Tutti i più grandi filosofi erano soliti comporre musica, perché la filosofia era intesa come musica più
grande. La relazione tra le due arti è però asimmetrica perché la filosofia è musica somma, ma la
musica non era assolutamente considerata al pari della filosofia. Tra le due attività vi è, quindi, una
subordinazione, a nostro parere errata.
Platone stesso afferma che la musica è in grado di armonizzare l’anima, e che la purificazione di essa
avviene attraverso la conoscenza e la virtù. Quindi se riteniamo la filosofia come “conoscenza del
mondo intorno a noi attraverso riflessioni e quesiti”, le due attività si devono necessariamente trovare
sullo stesso piano, in quanto la musica stessa è conoscenza.
Secondo Platone la musica è importante nell’educazione dei fanciulli, soprattutto per quelli che erano
destinati a diventare custodi nel suo stato ideale, in quanto tratta il ritmo e l’armonia dell’anima,
altrettanto valida è la ginnastica, che lavora sul ritmo e sulla movenza del corpo.
La musica dunque conduce alla bellezza dell’anima, che risulta indispensabile per avere bellezza anche
nel corpo, inoltre si presenta come un veicolo di educazione alla virtù.
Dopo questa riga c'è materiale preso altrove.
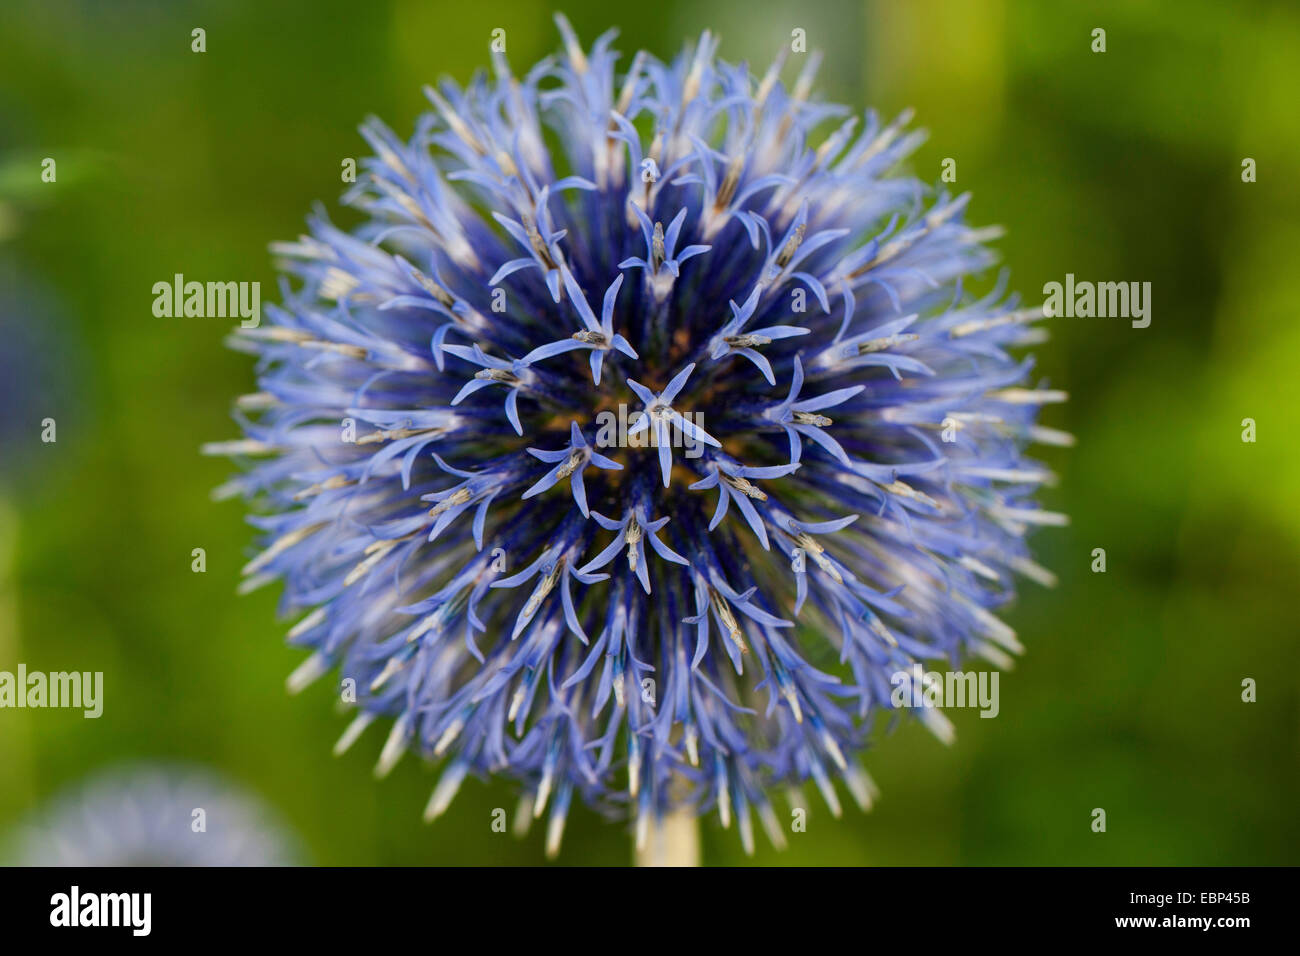 Globethistle, Globe-thistle (Echinops spec.), inflorescence - Stock Image

A questo punto provando a distinguere la musica dalla coreutica, a nostro parere, il ballo nasce dalla
musica, che quindi si conferma definitivamente al primo posto.
Sui cinque modi, o harmonìai (scale, come le chiameremmo noi adesso), usati nella Grecia Antica,
Platone ammette solo l’armonia dorica e quella frigia, le quali imitano suoni e accenti del valoroso in
battaglia e del giusto in tempo di pace, e per realizzare queste harmonìai egli consente solo l’uso di
cetra e lira, collegate al logos, e non quello di strumenti come l’aulòs, simbolo della sfrenatezza e della
possessione rituale.
L’idea di Platone, in questo caso, è in un certo senso contraddittoria perché anche l’armonia frigia era
simbolo della sfrenatezza ed era collegata all’aulòs.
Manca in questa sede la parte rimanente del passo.